Stencils can never be too dry, they can over heat and crosslink. This happens at temperatures over 110F

Dry is better than heat, but 95F is not bad. Not as good as 80F, but not bad. A Dehumidifier dries the air and the dry air sucks the moisture out of the stencil. 

A box is probably sealed. Where will the water go?

Nobody can tell you how long, they can only guess. YOU, but a $19 Indoor/Outdoor digital thermometer/HYGOmeter at Radio Shack. Model: 63-1032

Over night the box will stabilize. Put in a screen, close the box and watch the humidity of the air go up. When it stops going up, the air in the box has done all it can. You might as well take the screen out.

IF you dehumidify the box, or the whole room - The room will stabilize overnight and be as dry as the dehumidifier can make it. When you put a coated screen in the room/box, the humidity will rise and then fall back low humidity as the dehumidifier gets the air back to dry.

How long? 1 screen would be different from 5. Rainy day, different from winter. 

The hygrometer has no friends. When the hygrometer returns to its low, the screens are as dry as you can make them. 

Sears. $150. I say a dehumidifier is the fastest way to dry your screens.


----------



## BlackLegends (Aug 14, 2007)

CustomScreen said:


> with just a dehumidifier it can take an hour or so, you can also put a heater in to speed things up, i normally try and leave the screens overnight if i can help it, or i've found if you need one extra quick, a hairdryer does the job in maybe 5mins.

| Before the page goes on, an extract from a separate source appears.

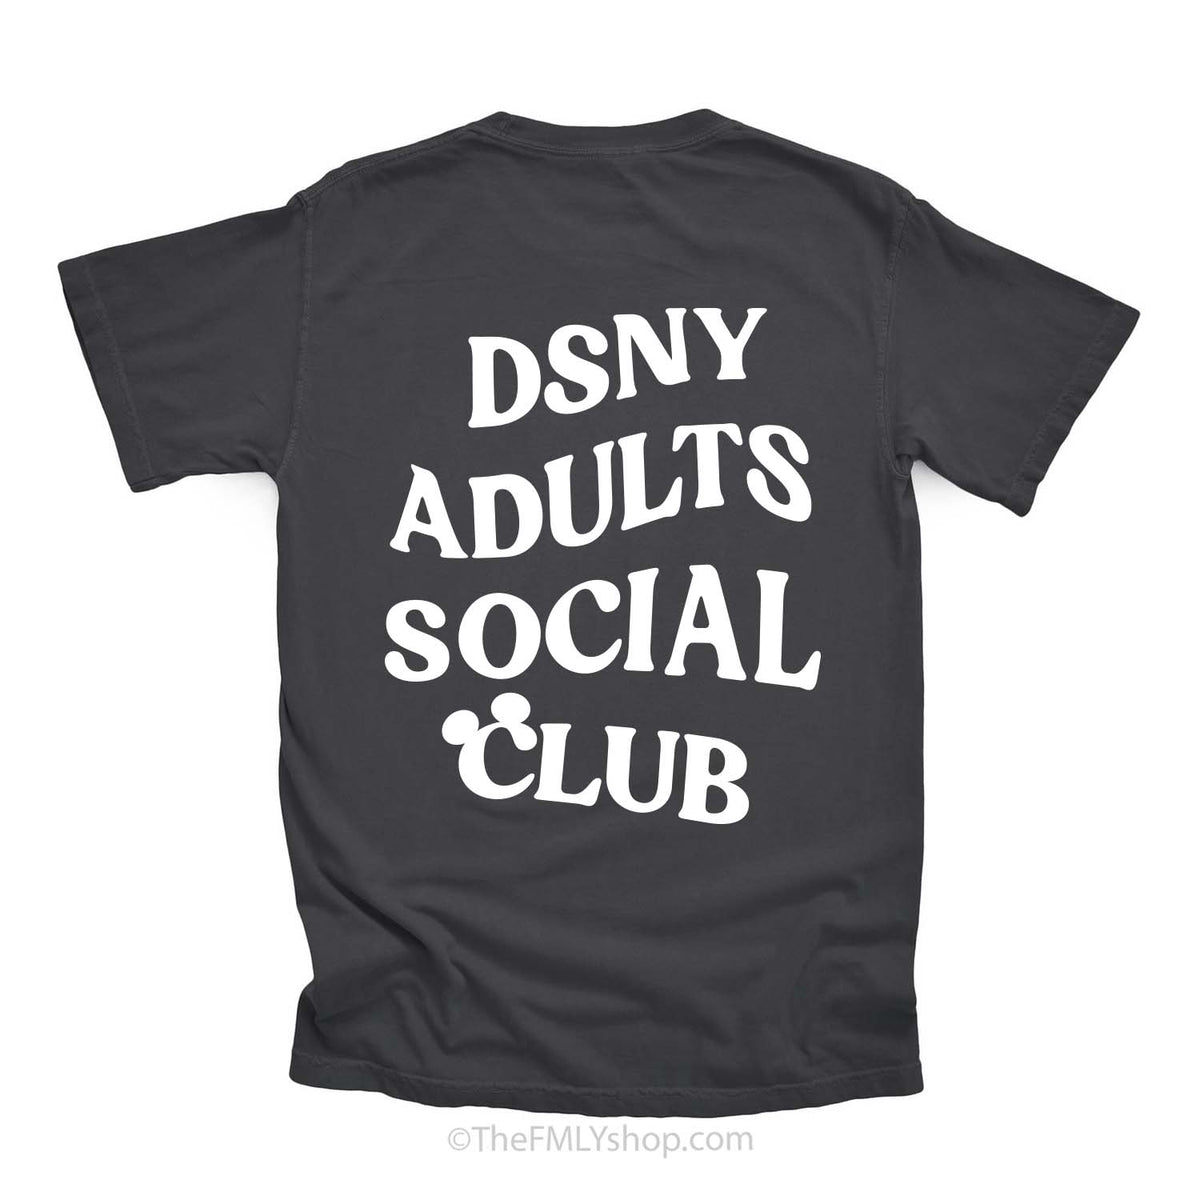 DSNY Adults Social Club Tee

How close or how far away should I have the hair dryer? I hate to do it this way but I need this screen dried quickly, like today. I dont know what happened with the last one I did. I think maybe I had too much emulsion on the screen. After I exposed it I began to wash it out. At first the design was coming out pretty well. Then all of a sudden all the emulsion started peeling off. There was also this awful smell after exposing. This is my second time doing this process (coating, exposing, printing). The first time everything went perfect, guess thats why Im catching so much hell now.


----------



## RichardGreaves (Nov 7, 2006)

BlackLegends said:


> How close or how far away should I have the hair dryer?

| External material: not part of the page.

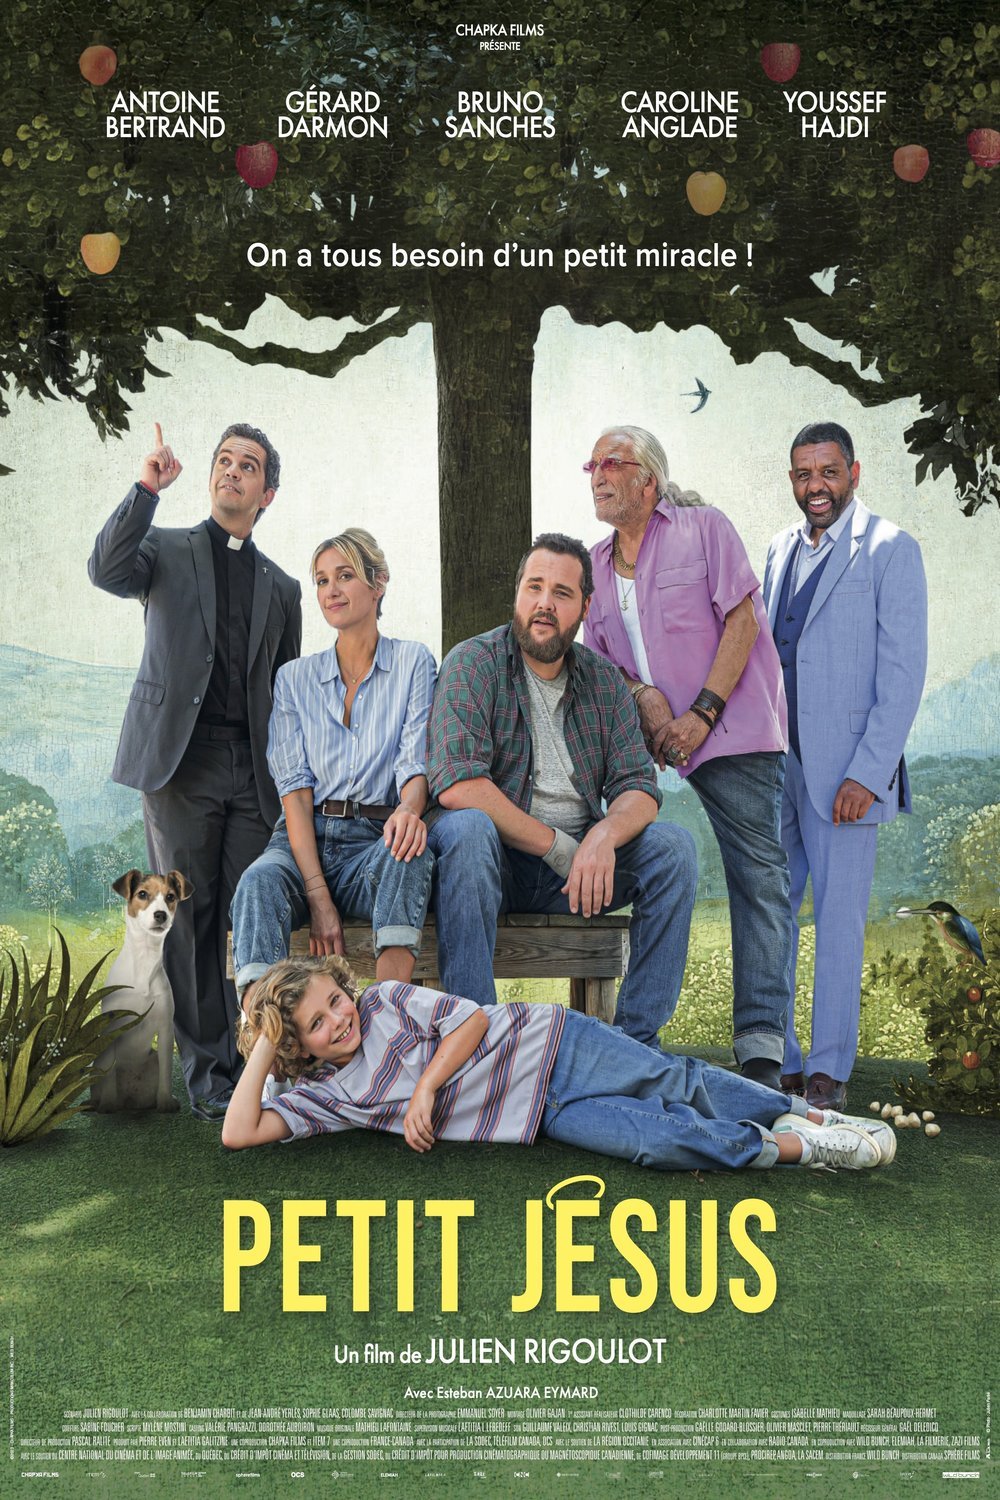 Poster of the movie Petit Jésus

Use the baby bottle test to compare hot liquid to 90 degree F skin temperature as a safe test. If the stencil feels hotter than your wrist, you could cause damage to the stencil or it might crosslink areas with heat that you want to wash out.


----------



## BlackLegends (Aug 14, 2007)

Thanks, Im about to try it out now.


----------



## kylerogers (Jul 30, 2008)

I just bought a dehumidifier from Lowes for $150. It puts out a lot of heat as well as sucks out the humidity. So I'm working in a small room and the dehumidifier is actually heating up the room. Right now it is 78 in my house. I have the central air vent closed to the room where the screen is drying and it's 91 right now, cause the air blowing out of the dehumidifier is hot.


----------



## RichardGreaves (Nov 7, 2006)

*Hot in screen storage room*



kylerogers said:


> I just bought a dehumidifier from Lowes for $150. It puts out a lot of heat as well as sucks out the humidity.
> 
> So I'm working in a small room and the dehumidifier is actually heating up the room. Right now it is 78 in my house.
> 
> I have the central air vent closed to the room where the screen is drying and it's 91 right now, cause the air blowing out of the dehumidifier is hot.

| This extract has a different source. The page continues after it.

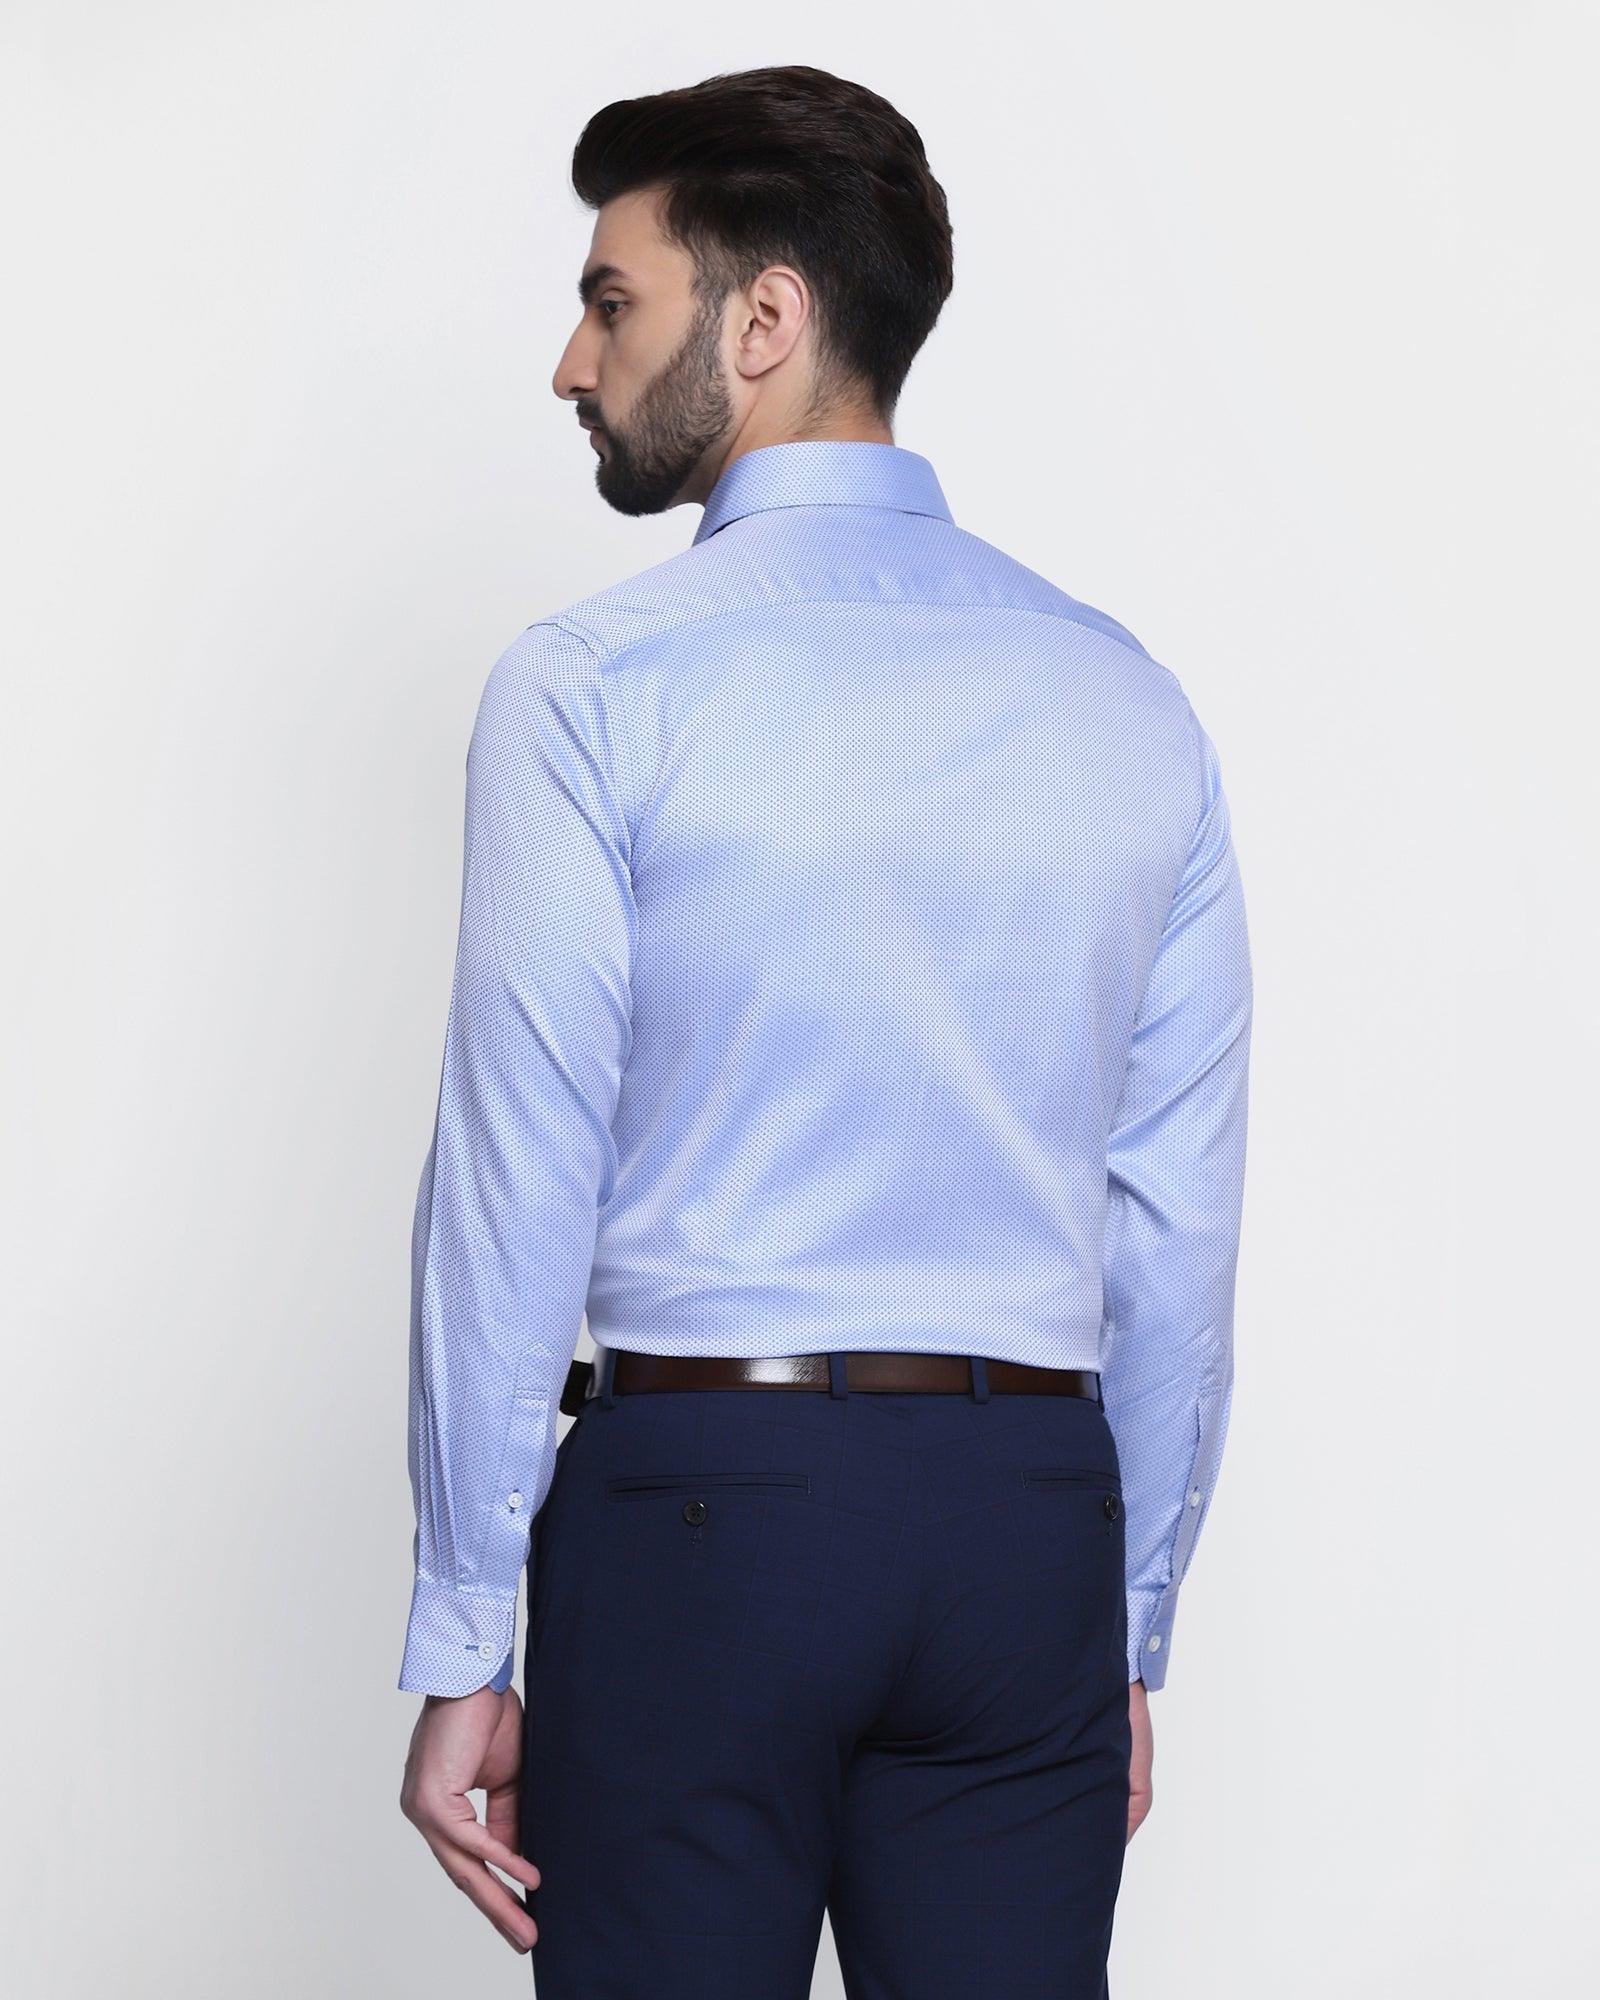 Formal Blue Textured Shirt - Luke

Cool air can hold less water vapor than warm air. This is the reason common humidity is measured as relative humidity. The amount of moisture that air can hold is realtive the that actual temperature of the air.

Open the central air vent and cool the room if you are uncomfortable. The dehumidifier will remove the moisture easier.


----------



## miktoxic (Feb 21, 2008)

man i'd love to know the REAL answer to this question if somebody could actually speak english.


----------



## Fixico (Dec 3, 2011)

In a closet or small 74 degree room with a fan and one of those little dehumidifier canisters from the dollar tree, your screens will be dry in about 1- 1 1/2 hours. If you need it now, take a blow dryer on the warm setting to it for about 5 minutes.


----------